* **Your objective**:
Write out the data that follows exactly, keeping every picture out.

* **Recorded information**:
=====

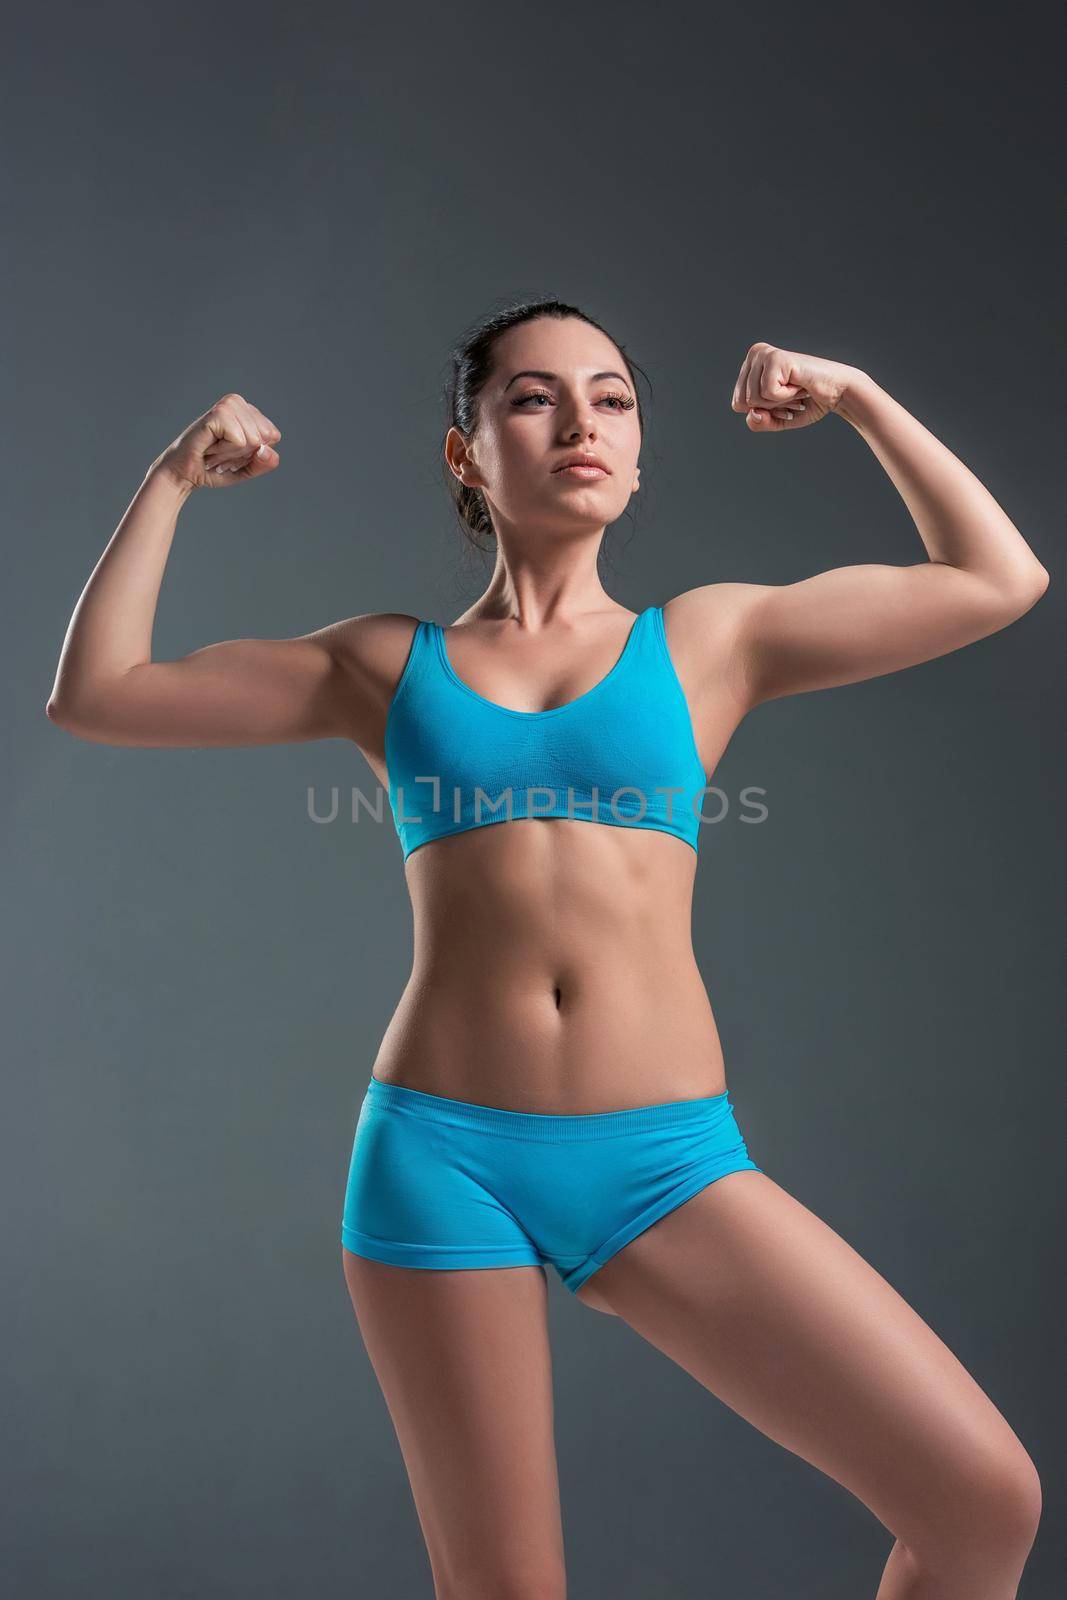 Muscular young woman athlete standing looking to the right. Raise your hands up. It shows strength
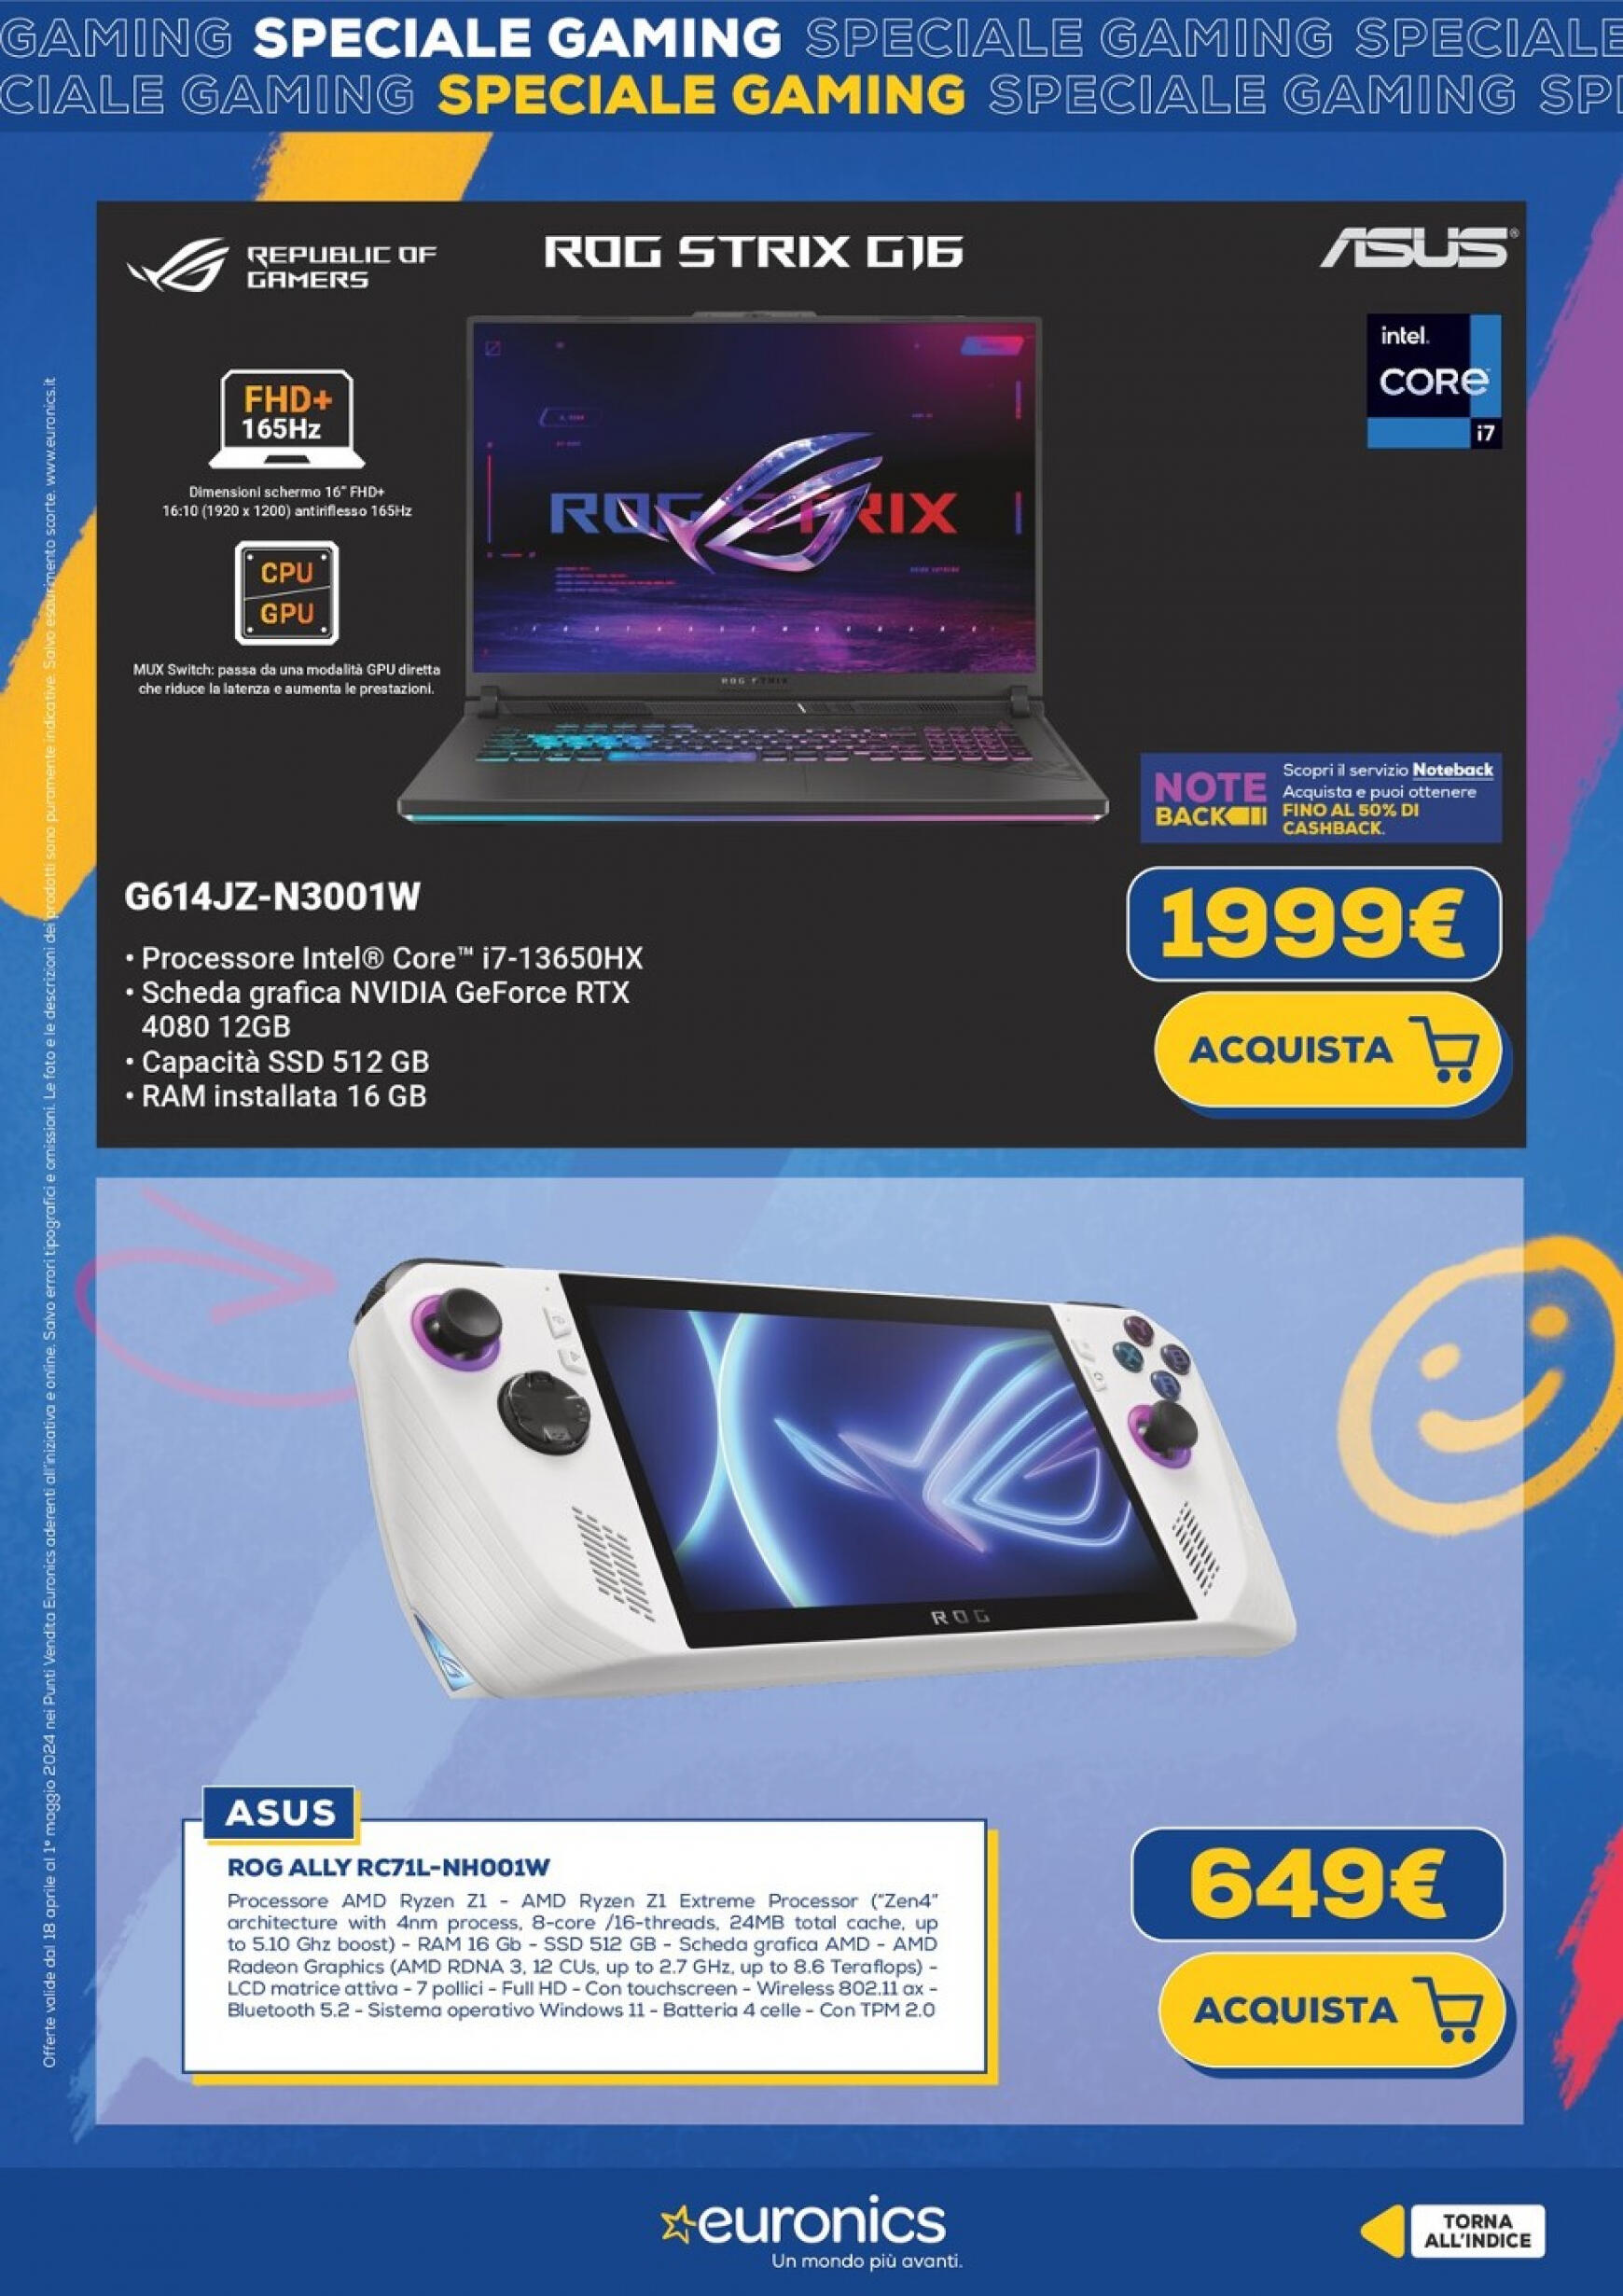 euronics - Nuovo volantino Euronics - Speciale Gaming 18.04. - 01.05. - page: 10
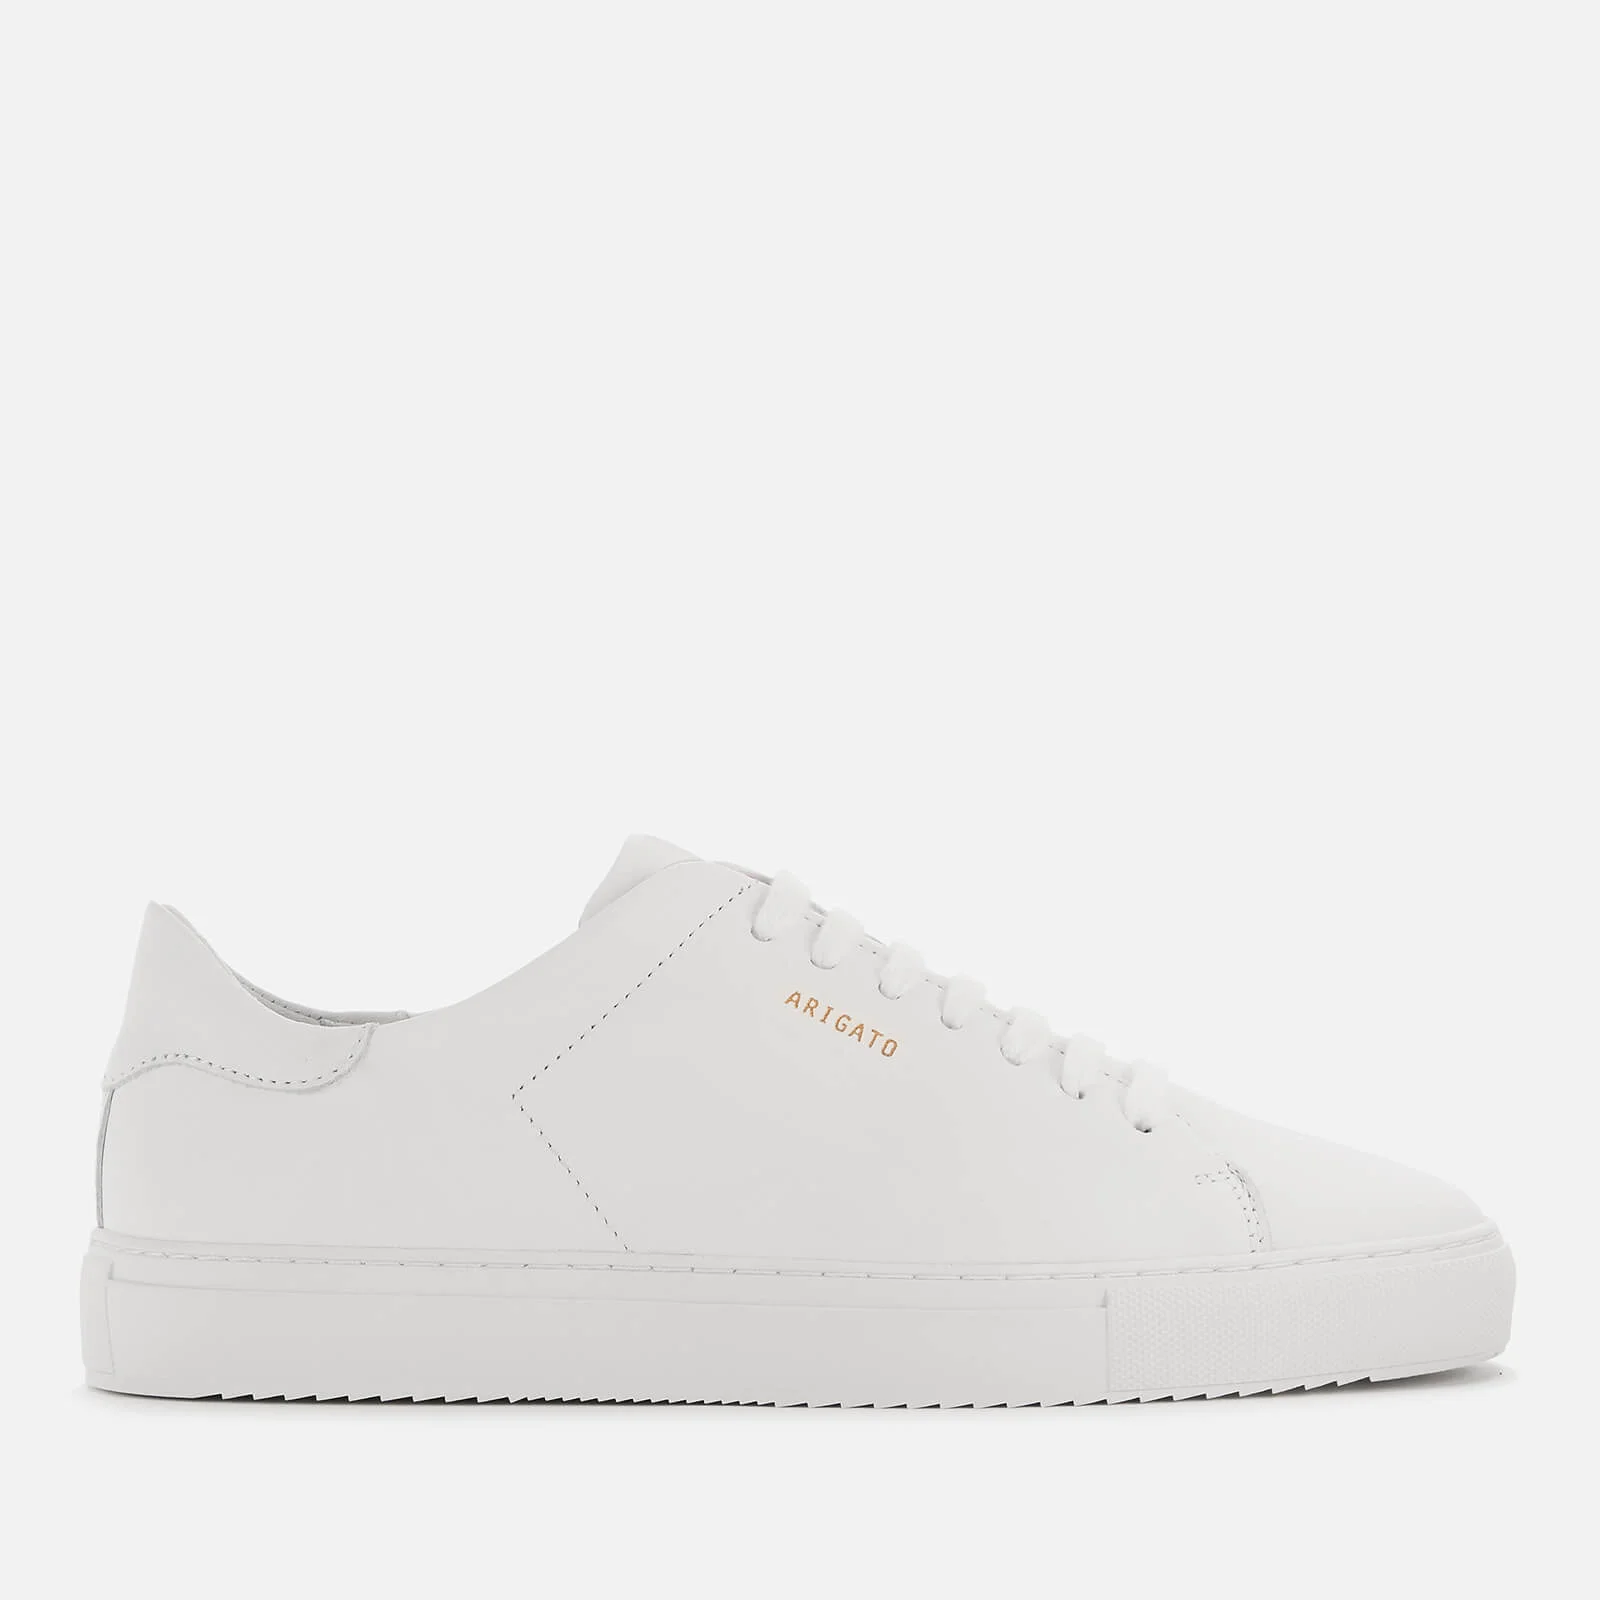 Axel Arigato Women's Clean 90 Leather Cupsole Trainers - White Image 1

=====

* **Solution to the problem**:
 Muscular young woman athlete standing looking to the right. Raise your hands up. It shows strength
 euronics - Nuovo volantino Euronics - Speciale Gaming 18.04. - 01.05. - page: 10
 Axel Arigato Women's Clean 90 Leather Cupsole Trainers - White Image 1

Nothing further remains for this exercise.